Let’s use the z-score (9.27) to test the hypothesis of equal Sharpe ratios between Microsoft and Starbucks using a 5% significance level. The R code to compute the z-score and test statistic is:
r.f = 0.03/12
SR.msft = (muhat.vals["MSFT"]-r.f)/sigmahat.vals["MSFT"]
SR.sbux = (muhat.vals["SBUX"]-r.f)/sigmahat.vals["SBUX"]
corhat = cor(gwnMonthlyRetC[, c("MSFT", "SBUX")])[1,2]
delta.hat = SR.msft - SR.sbux
var.deltahat = (2 + 0.5*(SR.msft^2 + SR.sbux^2)
-2*corhat*(1+0.5*SR.msft*SR.sbux))
se.deltahat = sqrt(var.deltahat)
z.score.delta = delta.hat/se.deltahat
S = abs(z.score.delta)
ans = c(SR.msft, SR.sbux, delta.hat, se.deltahat, S)

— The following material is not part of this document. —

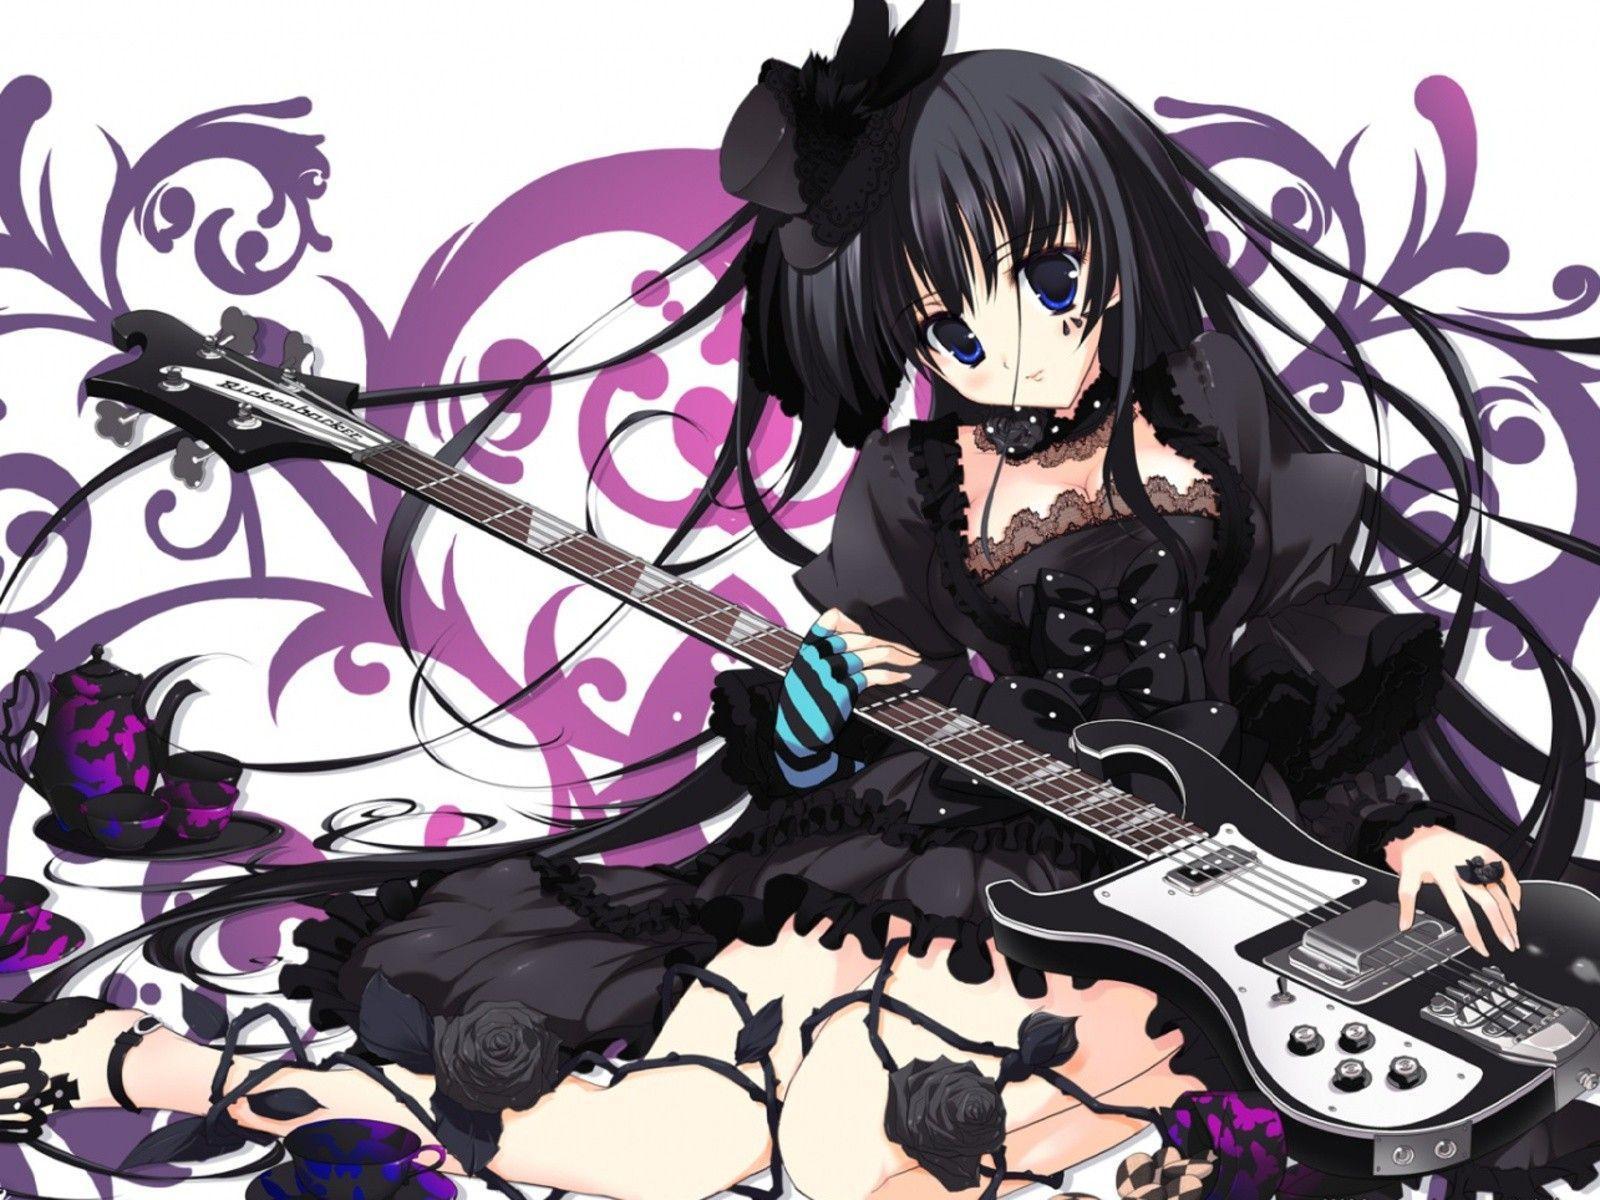 image For > Anime Gothic Girl

names(ans) = c("SR.msft", "S.sbux", "deltahat", "se.deltahat", "S")
ans
## SR.msft S.sbux deltahat se.deltahat S
## 0.0162 0.1089 -0.0927 1.1505 0.0805
Although the Sharpe ratio for Starbucks is much larger than the Sharpe ratio for Microsoft, there is substantial estimation error in \(\hat{\delta}=\mathrm{SR}_{msft} - \mathrm{SR}_{sbux}\) which produces a small test statistic \(S=0.0805\). Since \(S < 2\) we do not reject the null hypothesis of equal Sharpe ratios at the 5% level of significance.